Let's see how to use the ID attribute as a locating mechanism to find the Search box:

@Test
public void byIdLocatorExample() {
WebElement searchBox = driver.findElement(By.id("search"));
searchBox.sendKeys("Bags");
searchBox.submit();
assertThat(driver.getTitle())
.isEqualTo("Search results for: 'Bags'");
}

In preceding code, we used the By.id() method and the search box's id attribute value to find the element.

Here, try to use the By.id identifier, and use the name value (that is, q) instead of the id value (that is, search). Modify line three as follows:

WebElement searchBox = driver.findElement(By.id("q")); 

The test script will fail to throw an exception, as follows:

Exception in thread "main" org.openqa.selenium.NoSuchElementException: Unable to locate element: {"method":"id","selector":"q"}

WebDriver couldn't find an element by id whose value is q. Thus, it throws an exception saying NoSuchElementException.

The By.name() method

As seen earlier, every element on a web page has many attributes. Name is one of them. For instance, the HTML code for the Search box is:

<input id="search" type="search" name="q" value="" class="input-text required-entry" maxlength="128" placeholder="Search entire store here..." autocomplete="off">

Here, name is one of the many attributes of the search box, and its value is q. If we want to identify this search box and set a value in it in your test script, the code will look as follows:

@Test
public void searchProduct() {
// find search box and enter search string
WebElement searchBox = driver.findElement(By.name("q"));
searchBox.sendKeys("Phones");
searchBox.submit();
assertThat(driver.getTitle())
.isEqualTo("Search results for: 'Phones'");
}

If you observe line four, the locating mechanism used here is By.name and the name is q. So, where did we get this name from? As discussed in the previous section, it is the browser developer tools that helped us get the name of the button. Launch Developer tools and use the inspect elements widget to get the attributes of an element.

The By.className() method

Before we discuss the className() method, we have to talk a little about style and CSS. Every HTML element on a web page, generally, is styled by the web page developer or designer. It is not mandatory that each element should be styled, but they generally are to make the page appealing to the end user.

So, in order to apply styles to an element, they can be declared directly in the element tag, or placed in a separate file called the CSS file and can be referenced in the element using the class attribute. For instance, a style attribute for a button can be declared in a CSS file as follows:

.buttonStyle{
width: 50px;
height: 50px;
border-radius: 50%;
margin: 0% 2%;
}

Now, this style can be applied to the button element in a web page as follows:

<button name="sampleBtnName" id="sampleBtnId" class="buttonStyle">I'm Button</button>

So, buttonStyle is used as the value for the class attribute of the button element, and it inherits all the styles declared in the CSS file. Now, let's try this on our Homepage.
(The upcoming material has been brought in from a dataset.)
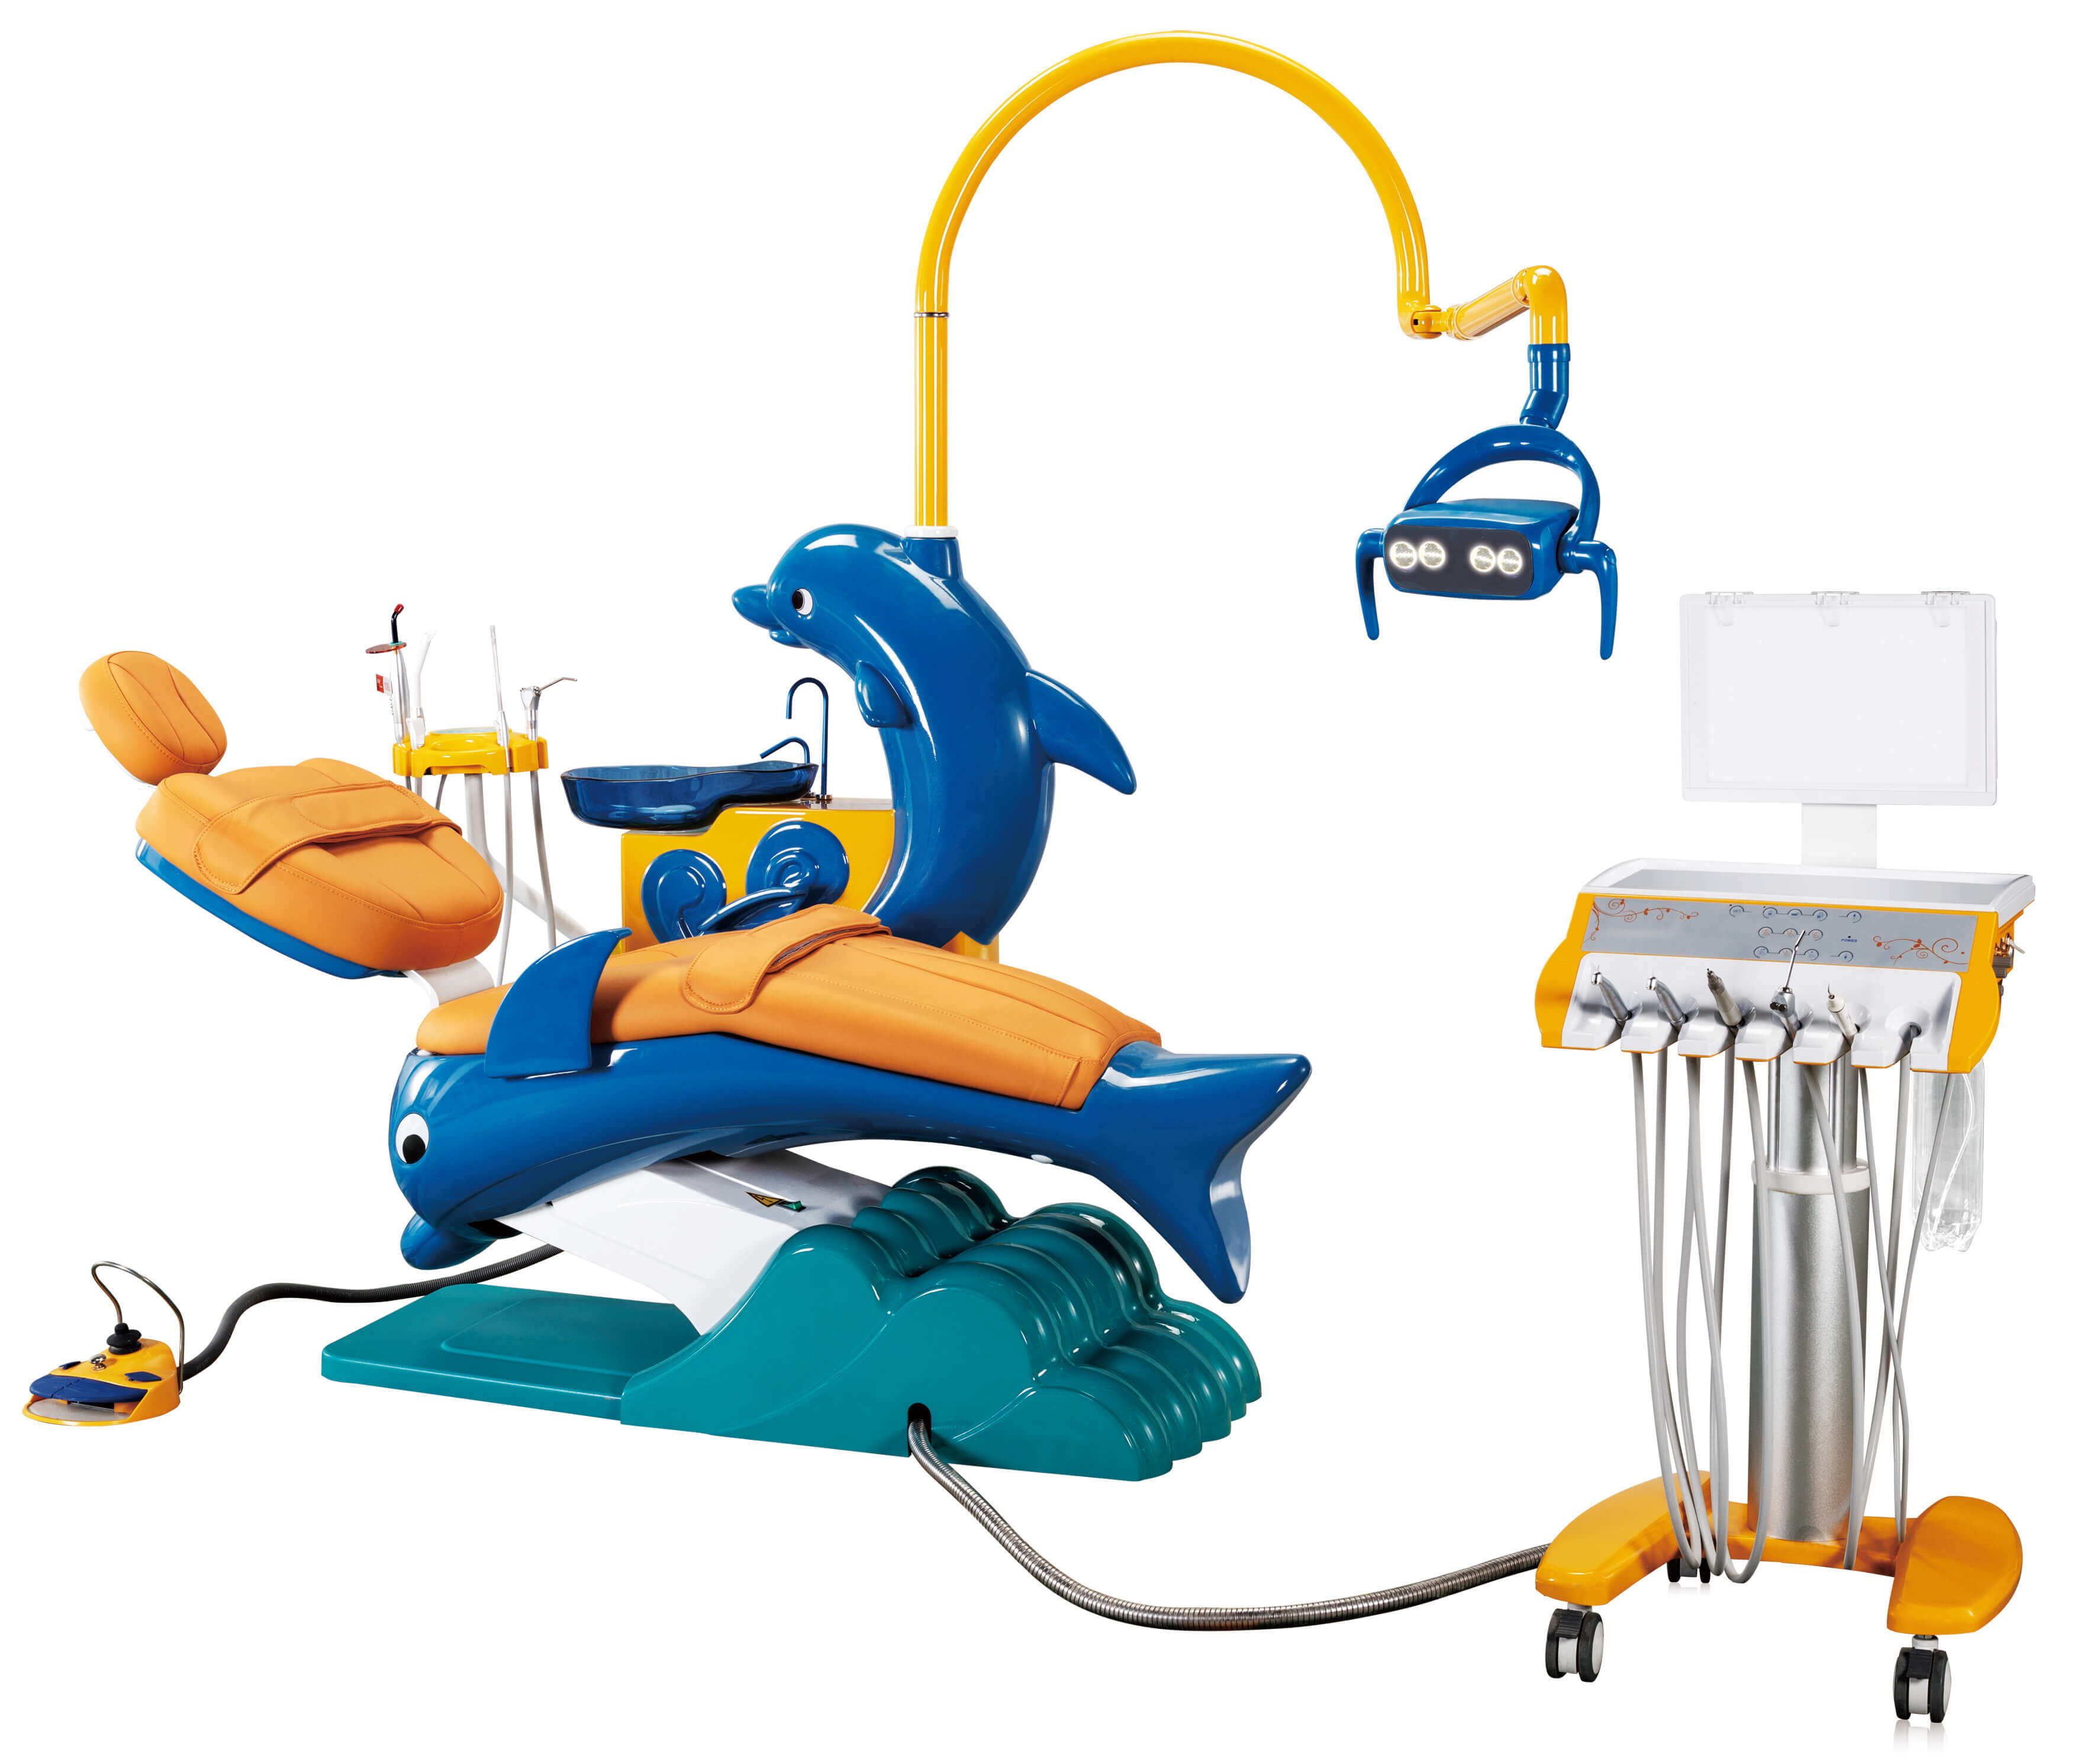 Why Children Dental Chair Unit is Important?

We will try to make WebDriver identify the search button using its class name and click on it.

First, in order to get the class name of the search button, as we know, we will use Developers tools to fetch it. After getting it, change the location mechanism to By.className and specify the class attribute value in it. The code for that is as follows:

@Test
public void byClassNameLocatorExample() {
WebElement searchBox = driver.findElement(By.id("search"));
searchBox.sendKeys("Electronics");
WebElement searchButton =
driver.findElement(By.className("search-button"));
searchButton.click();
assertThat(driver.getTitle())
.isEqualTo("Search results for: 'Electronics'");
}

In the preceding code, we have used the By.className locating mechanism by passing the class attribute value to it.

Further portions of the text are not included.